An SCons node object representing the file being scanned. The path name to the file can be used by converting the node to a string using the str() function, or an internal SCons get_text_contents() object method can be used to fetch the contents.

env

The construction environment in effect for this scan. The scanner function may choose to use construction variables from this environment to affect its behavior.

path

A list of directories that form the search path for included files for this scanner. This is how SCons handles the $CPPPATH and $LIBPATH variables.

arg

An optional argument that you can choose to have passed to this scanner function by various scanner instances.

A Scanner object is created using the Scanner function, which typically takes an skeys argument to associate the type of file suffix with this scanner.
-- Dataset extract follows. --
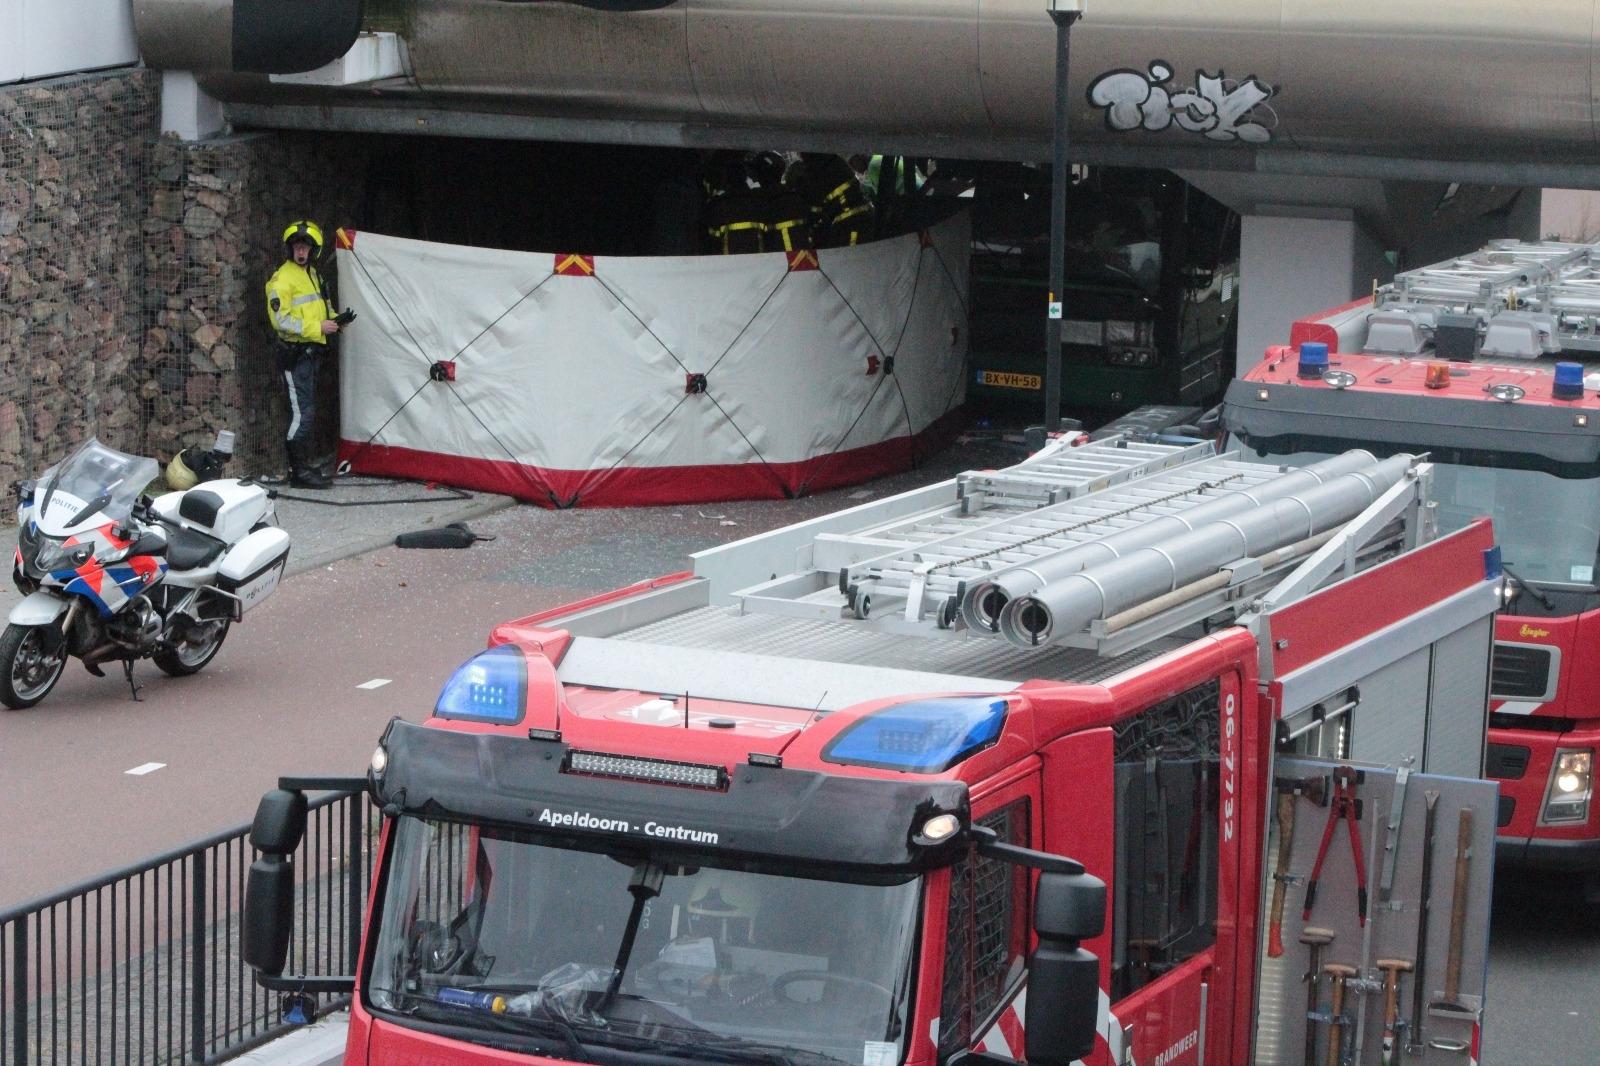 Apeldoorn – Stadsbus klem onder viaduct, 7 gewonden

The Scanner object must then be associated with the $SCANNERS construction variable of a construction environment, typically by using the Append method:


       kscan = Scanner(function = kfile_scan,
                       skeys = ['.k'])
       env.Append(SCANNERS = kscan)
    

When we put it all together, it looks like:


        import re

        include_re = re.compile(r'^include\s+(\S+)$', re.M)

        def kfile_scan(node, env, path):
            contents = node.get_text_contents()
            includes = include_re.findall(contents)
            return env.File(includes)

        kscan = Scanner(function = kfile_scan,
                        skeys = ['.k'])

        env = Environment(ENV = {'PATH' : '/usr/local/bin'})
        env.Append(SCANNERS = kscan)

        env.Command('foo', 'foo.k', 'kprocess < $SOURCES > $TARGET')